John McCain - - -43%


OBAMA IN THE UPHILL Parts I & 2
Electoral Map Realities Douse Change Parade

James Campion

Fresh from his world tour as media darling, Barack Obama, Democratic nominee for president and political rock star extraordinaire, looks invincible. He is charismatic, youthful, and one of the most consummate orators this country has produced in decades; a powerful combination in a year of economic downturn, stagnating progress in an unpopular foreign occupation, and a sitting president with historically low approval ratings. In a time defined by the word CHANGE, he has all but the copyright. Meanwhile, his opponent is an aging, white, military veteran, as entrenched in Washington politics as anyone he competed against for his party's nomination.

Things could not be rosier for a newbie candidate, whether using the measure of domestic angst, general enthusiasm, or simple timing. So where then are the cold numbers to back it up?

   While Obama was receiving standing ovations from American troops, discussing international ideologies with heads of state from Bagdad to Berlin, and speaking in front of hundreds of thousands of people waving (not burning) American flags, John McCain was on the Today Show yammering incoherently about a magical border between Pakistan and Iraq then sped off to be captured smiling awkwardly from a Food King cheese aisle.
     By all matters of reasonable prognostication, Obama, or anyone NOT Republican, should be trouncing McCain, both nationally and, more importantly, in state races; which has always and will continue to choose our presidents.
    But he is not.
    No matter the poll, even the more radical ones you might find online, Obama barely ekes out the margin of error or is woefully behind. Outside the usual Democratic strongholds like New York and California, and a few scattered in-between, Obama fails to crack the all-consuming 45% range, something a candidate will need to achieve to gain the presidency, unless Ross Perot has another run in him.

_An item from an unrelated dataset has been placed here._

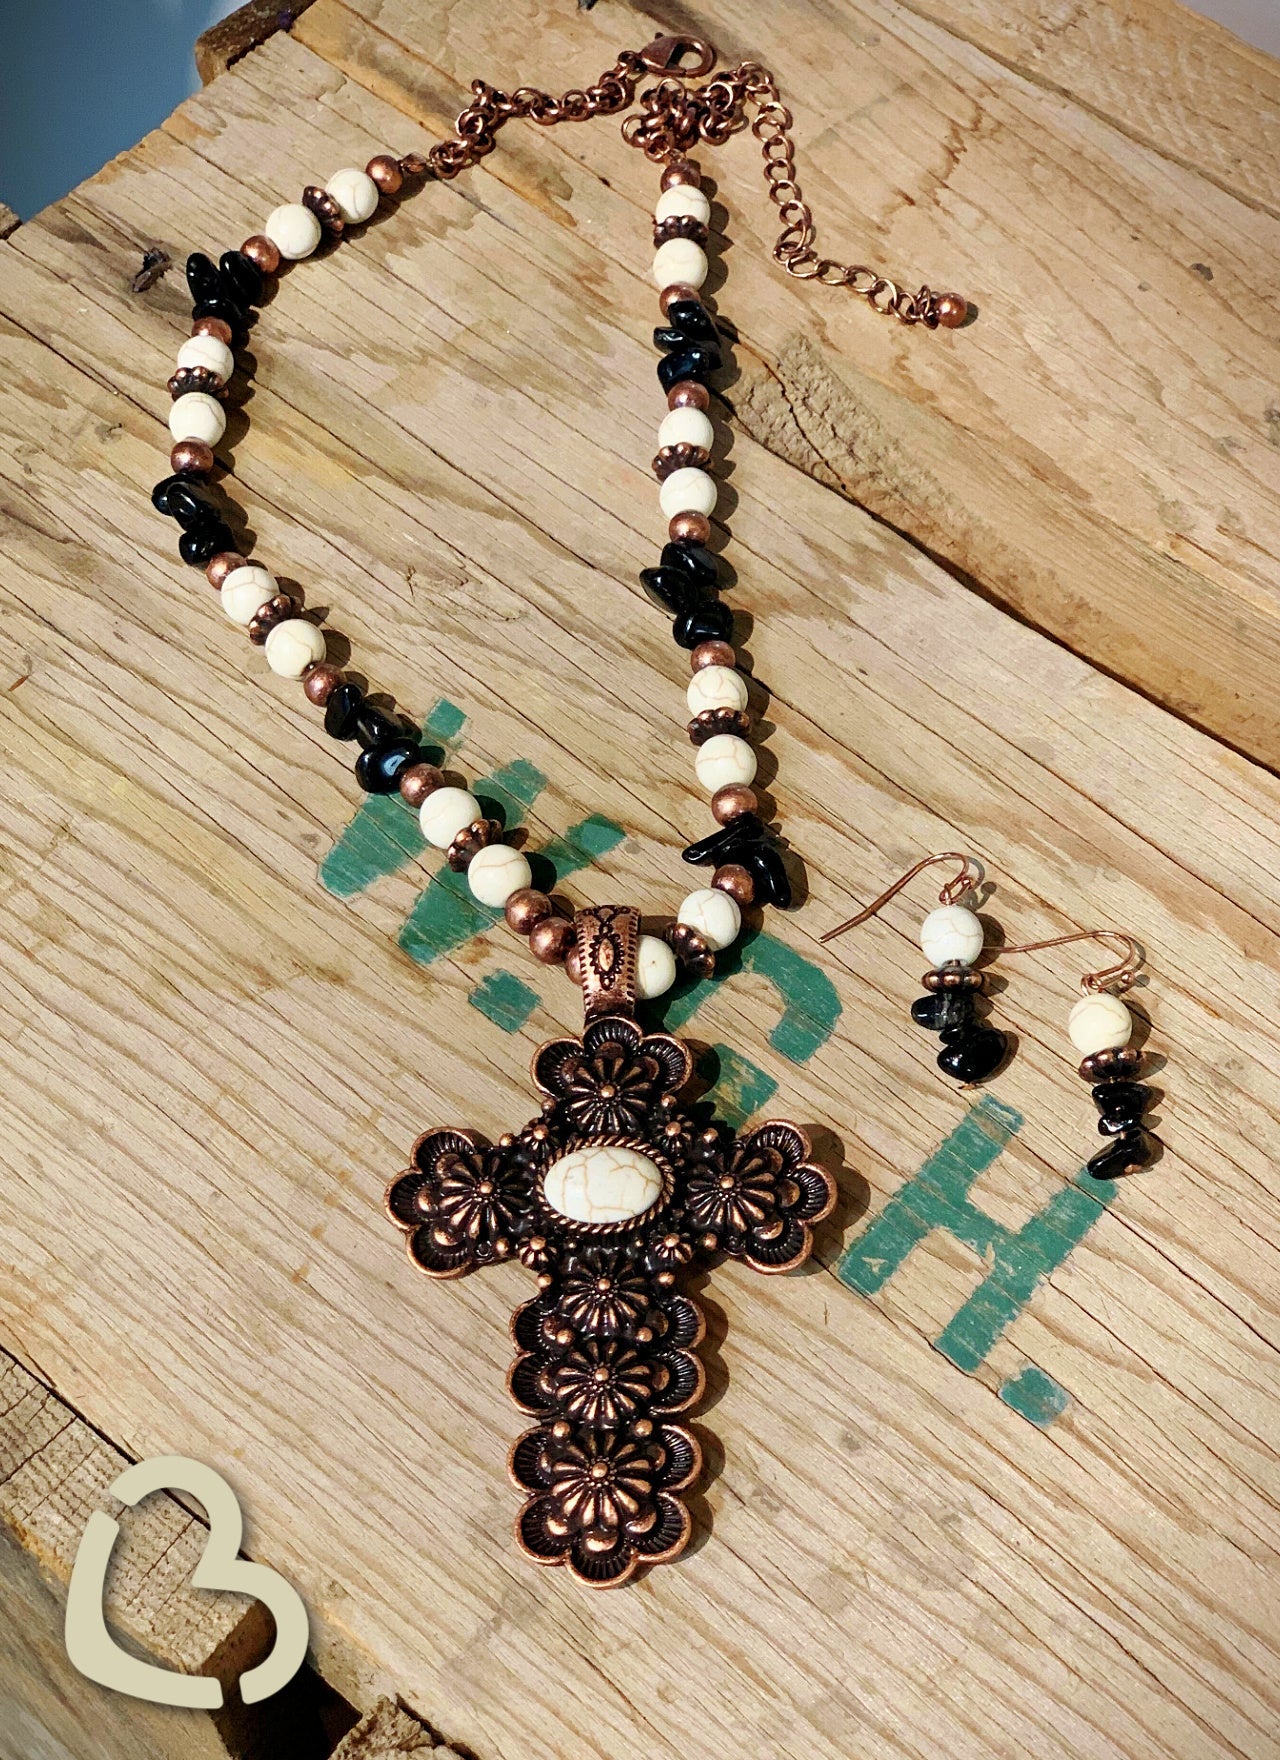 The Bethel Springs Cross Necklace Jewelry 19

    Even sacrificial lambs like Dukakis and McGovern had summer numbers better than this. Jimmy Carter, running against a man who not only pardoned one of the great criminals the presidency has known but narrowly survived a savage pistol-whipped by Ronald Reagan to take his party's nomination, ran double-digits everywhere in the summer of 1976. However, come autumn, he was sweating Gerald Ford. After Watergate had brought the federal government to its knees in constitutional crisis, the squeaky clean Carter barely hung on for victory by less than 700,000 votes; a lousy three percent.

    Following Labor Day, when most Americans start paying attention, the entrenched, more conservative choice -- the tried-and-true, less wild card candidate -- always begins to close the gap. In almost every case since I've been on the planet, this has meant the Republican candidate. Now is when Obama should shine, not only in magazines and on the evening news, chatting up Katie Couric or appearing in front of throngs of adoring fans, but in early state polls -- indicating which ones he needs to bolster and defend and which to ignore and prepare for humiliation.

    Obama appears unstoppably meteoric, while his opponent reeks of same-old politics. Republicans appear doomed, while Democrats point fingers and rally the troops. Ah, but appearances in the summer of a presidential election can be deceiving, especially appearances not backed up by figures. Numbers have no emotion. No face. They do not bend to wills or are coerced by rhetoric. They are neither starry-eyed nor dismayed. You either have them or you don't, and right now, anyone paying attention to this contest can clearly see that Obama does not have the numbers to back up the hoopla; of course with the kind of hoopla he's engendered one would need Julius Caesar returns.
    But we are far from that.

    As stated very early in this thing, Barack Obama has a ton of unprecedented baggage to carry; an African American, liberal, junior senator with a weird name and a fuzzy New American background. There are long odds this man would qualify for a driver's license in Mississippi, much less apply for the nation's highest office. Shit, beyond race and familiarity, experience and political ideology, by any litmus, Obama is the big risk. He is quite literally the Change Candidate; if he becomes the 44th president of the United States, nothing will ever be the same again -- for good or ill.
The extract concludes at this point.